What to produce —
Print the data that follows without changing a single word.

Exercise data —
********************
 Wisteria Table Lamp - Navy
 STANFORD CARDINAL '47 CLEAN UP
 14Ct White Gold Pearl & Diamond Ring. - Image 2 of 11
********************
Solution to this exercise —
 Wisteria Table Lamp - Navy
 STANFORD CARDINAL '47 CLEAN UP
 14Ct White Gold Pearl & Diamond Ring. - Image 2 of 11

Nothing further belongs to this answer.